Speciation in the Cape coastal flora

Most species in the Cape coastal flora have been directly incorporated from adjacent floras associated with older landscapes of the CFR, although a substantial portion have speciated on geologically young, calcareous substrata. A growing body of work (Verboom, Linder & Stock, 2004; Malgas et al., 2010; Schnitzler et al., 2011; Hoffmann, Verboom & Cotterill, 2015; Verboom, Stock & Cramer, 2017; Van Santen & Linder, 2019) has provided support for the hypothesis that the edaphic complexity of the CFR has acted as an important catalyst for ecological speciation in the Cape flora by creating a mosaic of divergent selection pressures (Goldblatt, 1978; Cowling, 1987; Linder, 2003). This hypothesis predicts that closely related taxa with sympatric distributions should occur on juxtaposed edaphic substrata, and such patterns have been demonstrated for various clades and soil types. In his revision of the genus, Grau (1973) notes that several Felicia species with broadly sympatric, coastal distributions in the Cape, including the calcicoles F. amelloides, F. amoena subsp. latifolia and F. echinata, appear to not be sister taxa and are thus likely the product of ecological speciation. Indeed, it seems that most calcicolous species in the coastal flora have their sister taxa on non-calcareous substrata, suggesting that in-situ diversification of dune and calcarenite endemics has generally been limited, and that ecological speciation has been the major mechanism for diversification in the Cape coastal flora. This is consistent with the moderate species-to-genus ratio we report for the coastal flora.

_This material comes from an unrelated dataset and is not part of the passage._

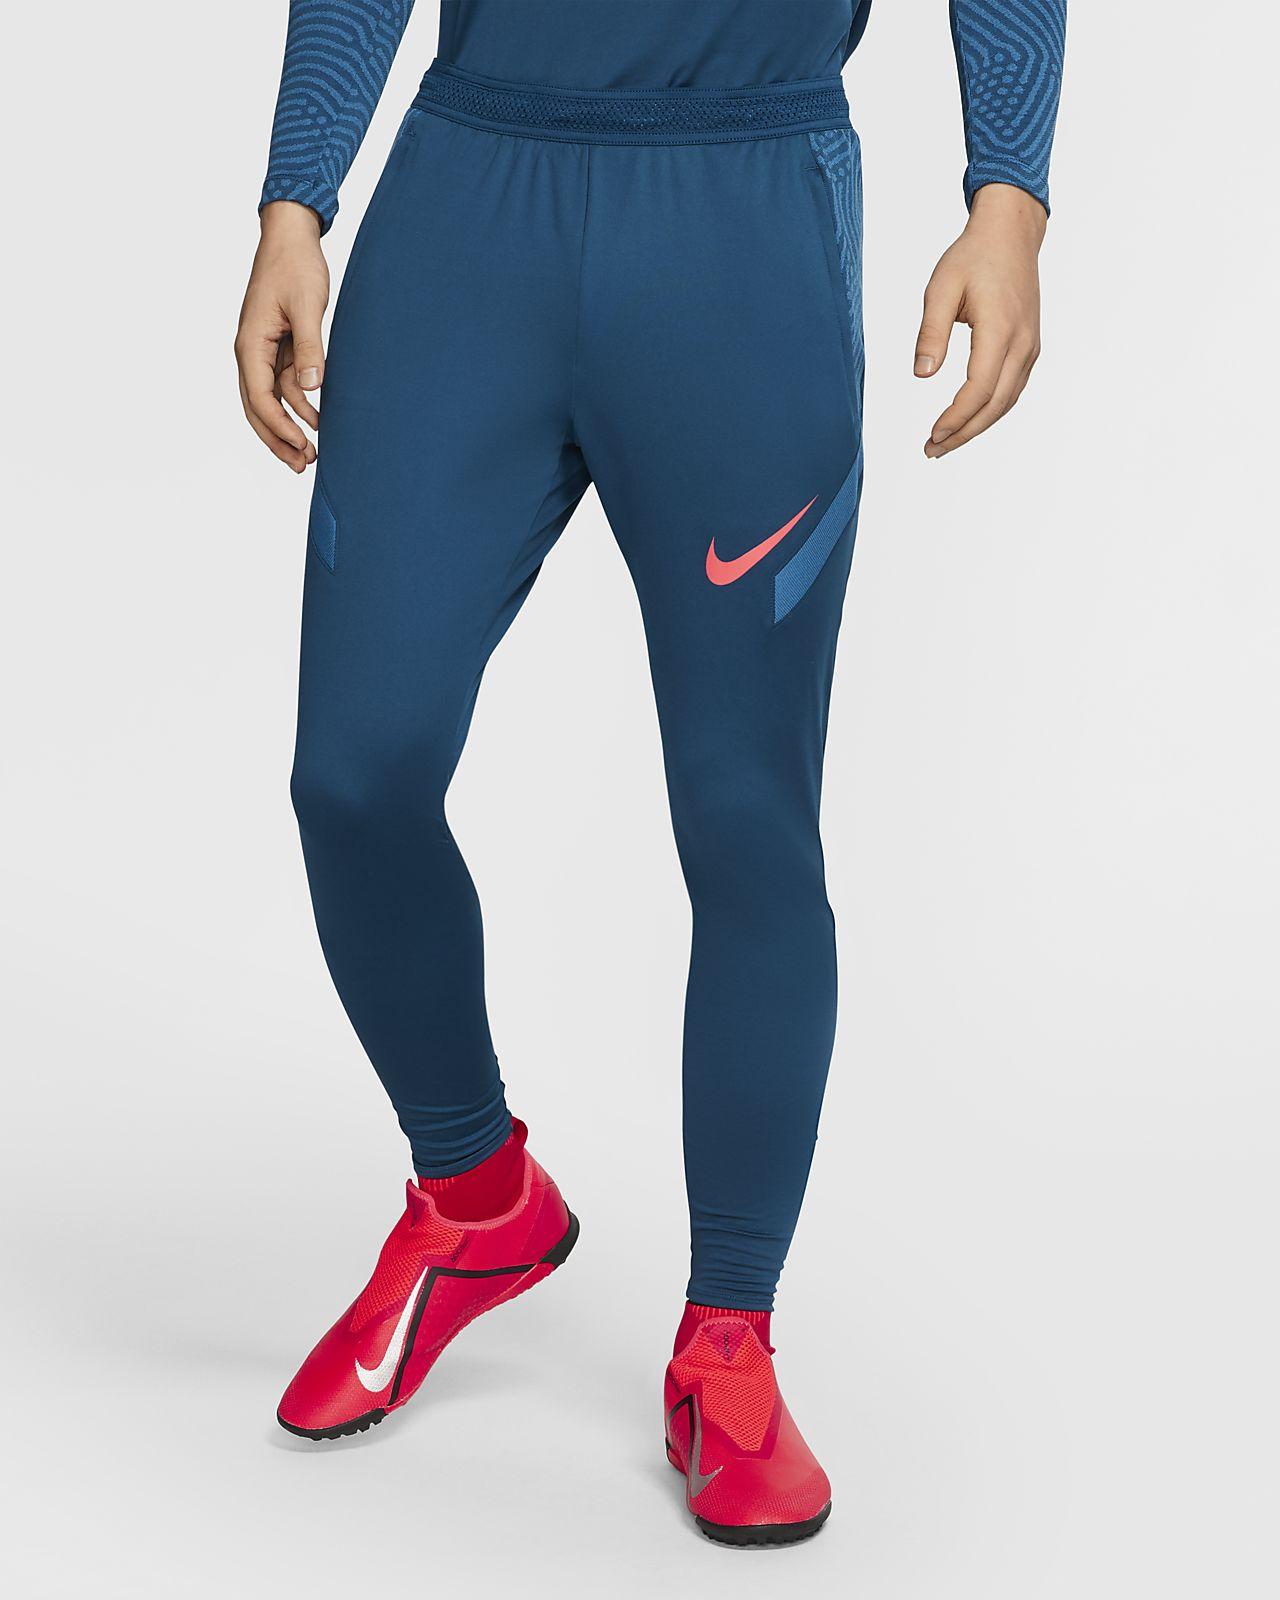 Nike Dri-FIT Strike Men's Football Pants

Rourke (1998) describes evolutionary lines, based on changes in morphology, for the two proteaceous genera Leucospermum and Spatalla, in which species with primitive characters occur in geologically older montane habitats (i.e., sandstone substrata), while more derived, specialized species are associated with geologically young (Plio-Pleistocene) deposits on coastal lowlands, especially along the Agulhas Plain. In Spatalla, the primitive and derived species form two distinct clades, with section Cyrtostigma comprising the older montane species and section Spatalla comprising the younger, mostly lowland species. While most species of the lowland clade are associated with siliceous substrata, one species, Spatalla ericoides, has evolved on calcarenites, and the general evolutionary pattern demonstrates the influence of Plio-Pleistocene geomorphic evolution along the Cape coast on speciation events and diversity patterns in the CFR.

Is there further evidence of ancient sandstone substrata in the Cape acting as the source of calcicole evolution? In the case of Leucospermum, Rourke (1972) first highlighted the importance of edaphic speciation by showing that various pairs of sister taxa were split between alkaline, calcarenite-derived soils and acidic, sandstone-derived soils. Other examples of this acid–alkaline edaphic divide have also been documented for sister taxa in other Cape lineages, including Aspalathus (Dahlgren, 1963, 1968), Freesia (Goldblatt, 1982; Manning & Goldblatt, 2010), Leucadendron (Williams, 1972; Barker et al., 2004), Muraltia (Levyns, 1954; Forest et al., 2007), the Pentaschistis clade of Pentameris (Linder & Ellis, 1990; Galley & Linder, 2007), Protea (Rourke, 1980; Schnitzler et al., 2011) and Thamnochortus (Linder & Mann, 1998). Indeed, in cases where information is available, it seems that most calcicoles, especially those of Cape affinity, have their sister taxa on acid sands. This pattern is consistent with our analysis of edaphic associations in the coastal flora, which showed that most species with some edaphic affinity (i.e., excluding species occurring on all soil types) were shared between calcareous coastal sands, windblown acid sands and sandstone-derived acid sands, suggesting that floras associated with these siliceous substrata have been the most significant source for colonization of calcareous substrata in the Cape. Very few species occurring in the coastal flora are shared exclusively between calcareous substrata and neutral loams—the typical substrate of renosterveld—suggesting that renosterveld floras have largely been excluded as a source of colonizing species in the coastal flora.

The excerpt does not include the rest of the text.